The 6 Effects Of Suntanning You Need To Know About
So you’re at your favourite beach, just got out of the water, and are about to soak up some summer sun. But then you remember to put on sunscreen lotion so you don’t leave the beach looking extra crispy. Ever wondered what tanning actually does to your body? It turns out that there are a few health benefits when it comes to the beach bums’ favourite activity. Here are the effects of suntanning that you need to know about.
1. What Happens
As you kick back, the sun’s rays begin to warm your pale torso. “Your body temperature rises, causing your blood vessels to dilate so heat is lost through your skin,” says dermatologist Dr Rona Mackie. Soon, your veins start bulging and you look flushed. “These are superficial blood vessels under your skin. Your heart rate should stay the same and there’ll be no difference to your circulation,” says Mackie. Besides tan lines that is.
2. Sweat, Sweat, Sweat
After a few minutes, your body moves to stage two of the cool-down process. “The above normal body temperature triggers the eccrine glands to go into action, enabling moisture to evaporate from your skin’s surface,” says Mackie. In other words, you sweat. But your body needs fluid and on a beach, dehydration can occur after about 10 minutes.

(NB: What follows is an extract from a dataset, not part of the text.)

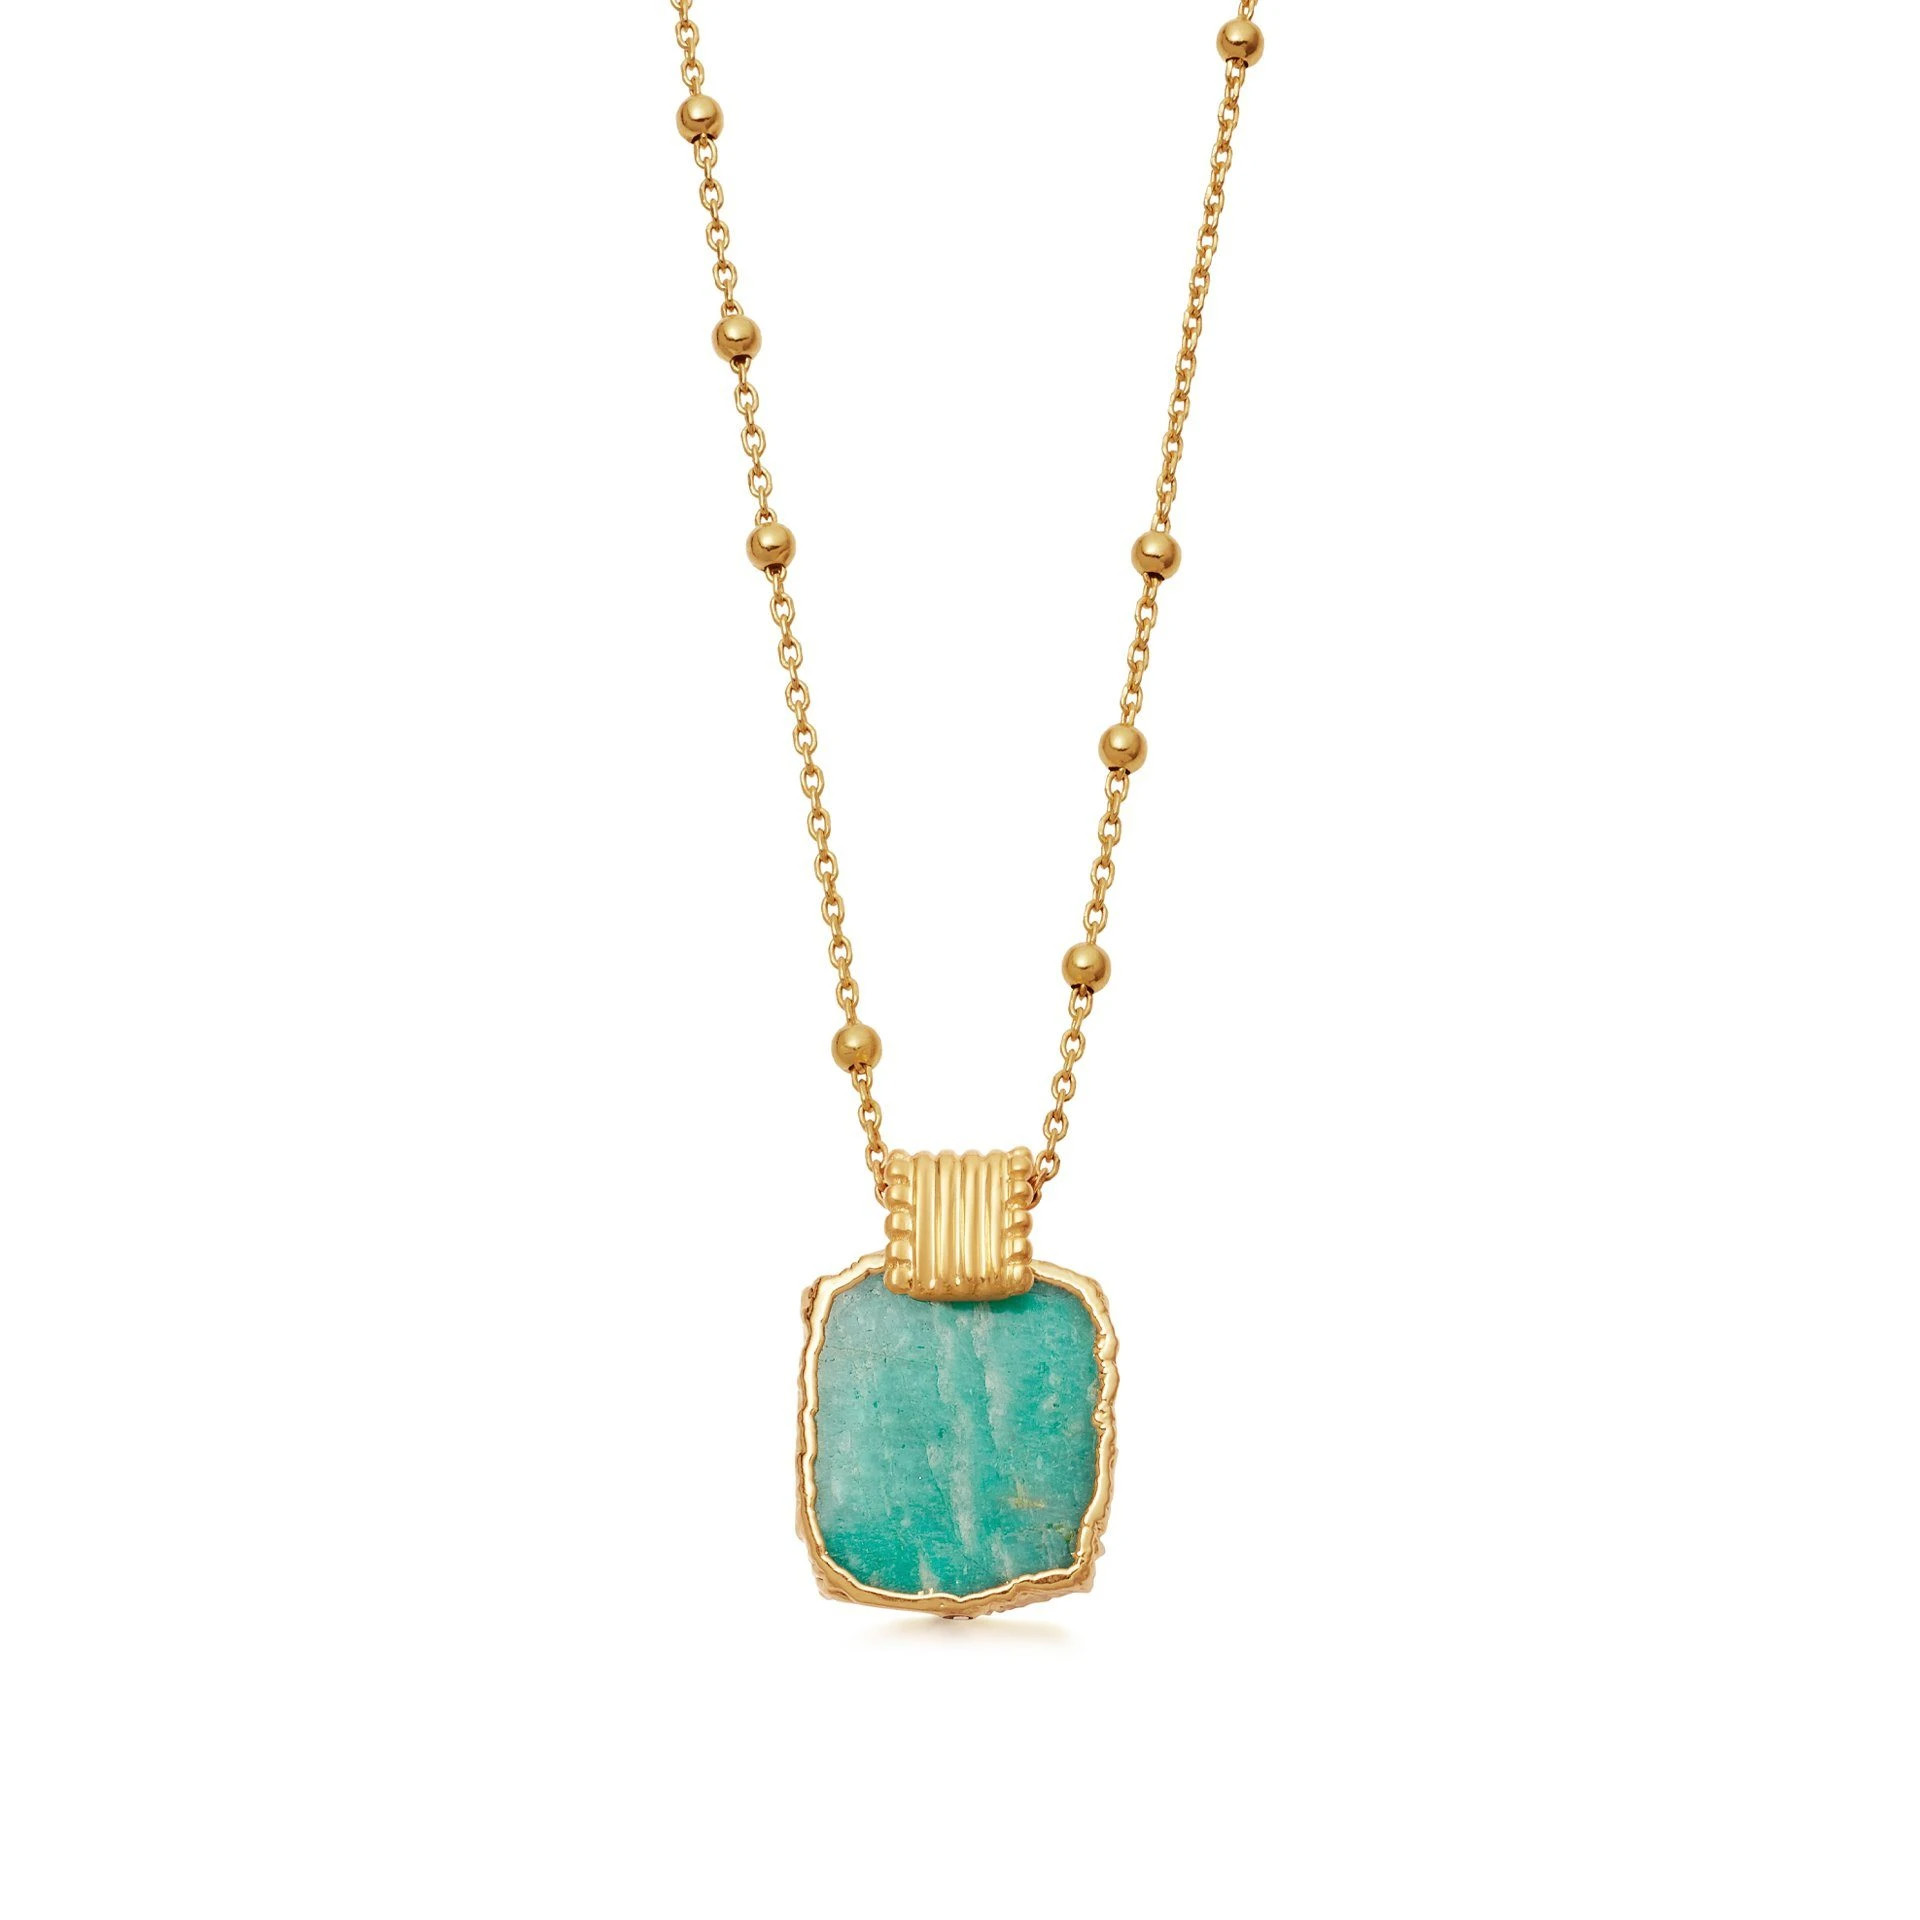 Оптовая продажа OEM 18-каратного золота Vermeil с подвеской OEM/ODM ювелирное ожерелье на серебре Индивидуальный дизайн

“It’s easy to get light-headed and dizzy if you lose a lot of fluid, so drink 250ml of water for every half hour you spend sunbathing,” advises Mackie.
3. Skin Damage
Oh dear, a human lobster… “UV rays are damaging your skin’s surface cells,” says Mackie. Cover yourself with SPF30+ cream 15 minutes before going outdoors. But it’s not all bad: the UVs also trigger the release of melanin – the chemical that protects your body from absorbing too much solar scorch, and makes your skin go brown. You won’t see it until the inflammation goes down though.
4. Feeling Bright
Even if your skin’s a bit rosy, you’ll be feeling good by now. And not just because you aren’t in the office. “There are light receptors at the back of your eye, which trigger an endorphin rush in your blood, giving you a feeling of wellbeing,” says Mackie. A study in the Journal of the American Academy of Dermatology found two weekly 15-minute doses of UV rays was enough to make men feel happier and more relaxed. A cocktail wouldn’t hurt either.
There’s more good news: “Your skin absorbs sunlight and converts it into vitamin D,” says Dr William Grant of the Sunlight, Nutrition and Health Research Centre in the US (www.sunarc.org). The benefits of “D” are huge: it fights prostate and colon cancer, as well as acne and heart disease. “If you have fair skin, 30 minutes in the hot sun will give you half your RDA of vitamin D.
6. Stay Young
After 30 minutes in the sun, get out of it. “When they hit your skin, UV rays actually damage your DNA,” says skin cancer specialist Dr John O’Driscoll. Cell damage accumulates, releasing nasty, cancer-causing free-radicals, lighting the fuse on the melanoma time bomb. Minimise sunbathing from 11am to 3pm and look for any moles that have changed colour or size. If you spot one, head to a dermatologist to get checked out by a pro.
Pro tip: Eating oily fish, fresh fruit and vegetables reduces your skin’s sensitivity to the sun, so you won’t burn as quickly.